VIVAVaksin Pfizer telah mengumumkan bahwa khasiatnya efektif melindungi tubuh dari virus corona atau COVID-19 hingga 95 persen. Bahkan, Inggris menjadi negara pertama yang memesan puluhan juta dosis untuk masyarakatnya. Namun, apa isi atau kandungan dari vaksin tersebut?

Dikutip dari laman Express UK, Kamis, 3 November 2020, vaksin Pfizer berisi kandungan MRNA, yakni singkatan dari Messenger Ribonucleic acid dan hadir di semua sel hidup secara alami. Definisi mRNA adalah ia bertindak sebagai pembawa pesan yang membawa informasi dan instruksi yang tertanam dalam DNA.

Baca Juga: Inggris Jadi Negara Pertama Memasok Vaksin COVID-19

Vaksin berisi mRNA itu menggunakan potongan kecil kode genetik COVID-19 untuk mulai memproduksi virus di dalam tubuh. Ini memungkinkan sistem kekebalan tubuh manusia untuk mengenali virus sebagai benda asing di dalam dirinya.

Setelah langkah ini dilakukan, sistem kekebalan tubuh akan dapat mengenali virus sebagai benda asing dan menyerangnya dengan membentuk antibodi. Bagian utama dari vaksin mRNA COVID-19 baru dari Pfizer adalah untaian kurir pembawa Asam Ribonukleat.

Vaksin Pfizer dilaporkan menggunakan 30 mikrogram mRNA, tetapi saat ini, daftar lengkap bahan untuk vaksin khusus ini belum dipublikasikan. Kendati demikian, kandungan tersebut ampuh memberi perlindungan hingga 95 persen.

Lantas, bahan apa yang biasanya ada dalam vaksin?

Bahan utama dalam semua vaksin adalah satu atau lebih bahan aktif. Bahan aktif adalah unsur vaksin yang terbuat dari virus atau bakteri yang disebut juga antigen.

Vaksin mengandung sejumlah kecil bahan aktif. Biasanya hanya beberapa mikrogram (sepersejuta gram) per suntikan. Untuk memberikan gambaran tentang betapa kecilnya mikrogram, satu tablet parasetamol mengandung 500 miligram obat, beberapa ribu lebih banyak daripada bahan aktif yang ditemukan dalam vaksin mana pun.

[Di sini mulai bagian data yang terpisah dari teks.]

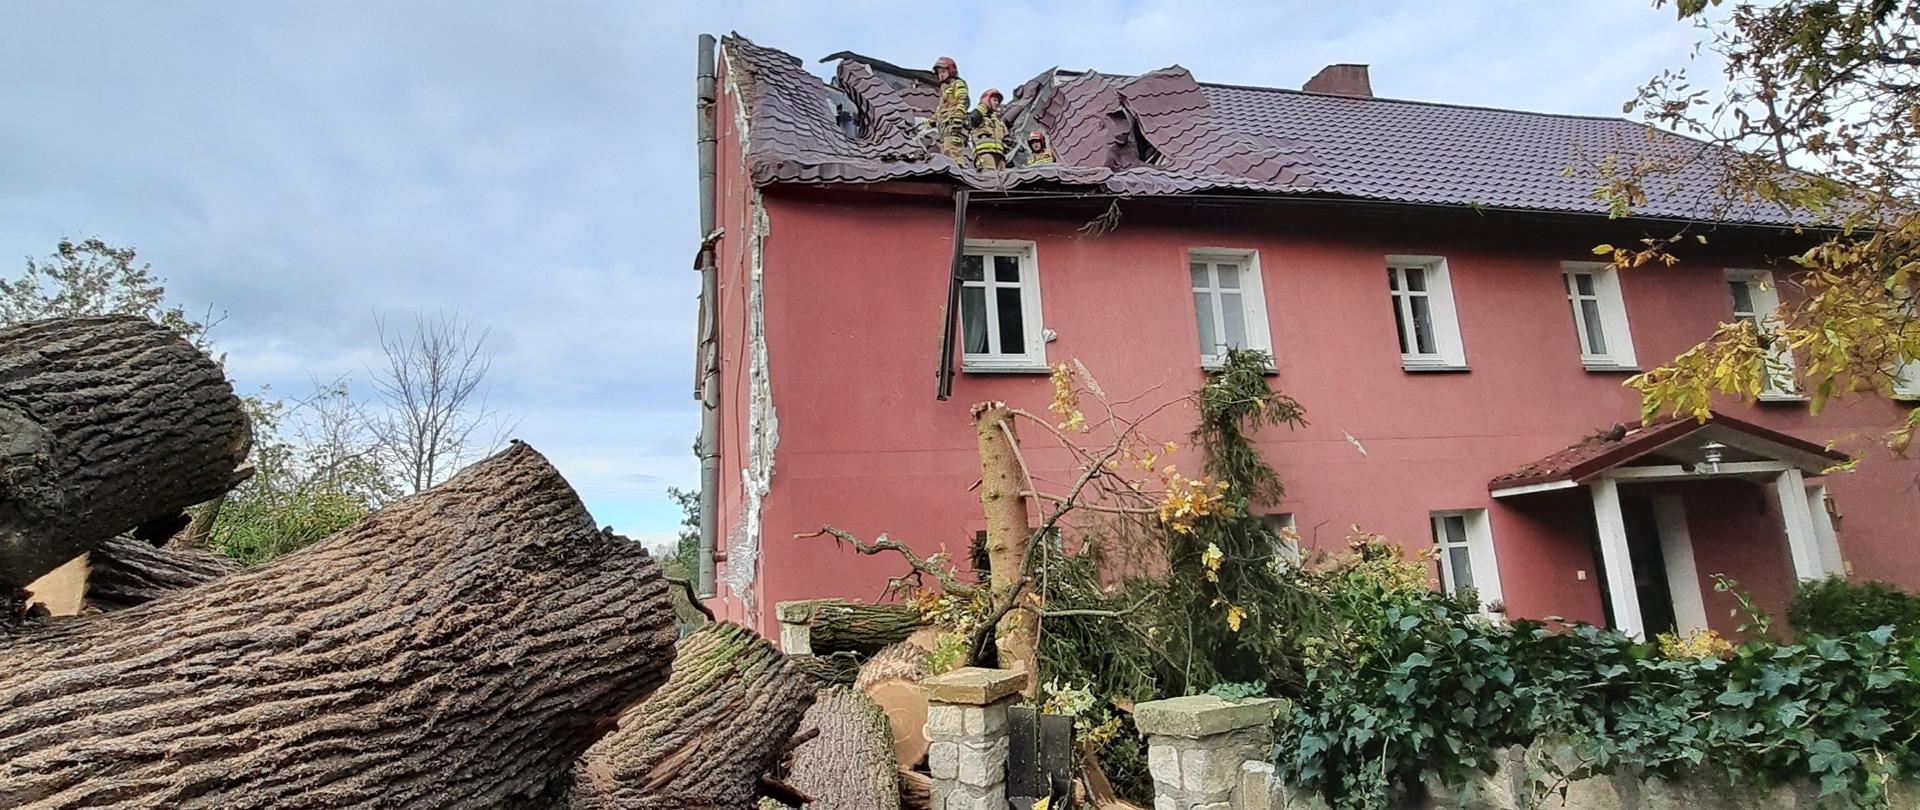 Zdjęcie przedstawia uszkodzony budynek mieszkalny przez powalone drzewo w wyniku silnych podmuchów wiatru.

Beberapa vaksin mengandung bakteri atau virus utuh. Namun, dalam kasus ini, bakteri atau virus akan sangat encer sehingga tidak dapat menyebabkan penyakit pada orang sehat, atau mati sama sekali, yang menjadikannya bahan yang tidak aktif.

Banyak vaksin hanya mengandung bagian dari virus atau bakteri, biasanya protein atau gula dari permukaan. Ini aman untuk dikonsumsi manusia karena bekerja dengan merangsang sistem kekebalan tanpa benar-benar menyebabkan penyakit.

Dibandingkan dengan jumlah bakteri dan virus di lingkungan yang harus dihadapi oleh sistem kekebalan kita setiap hari, bahan aktif yang ditemukan dalam vaksin sangatlah kecil.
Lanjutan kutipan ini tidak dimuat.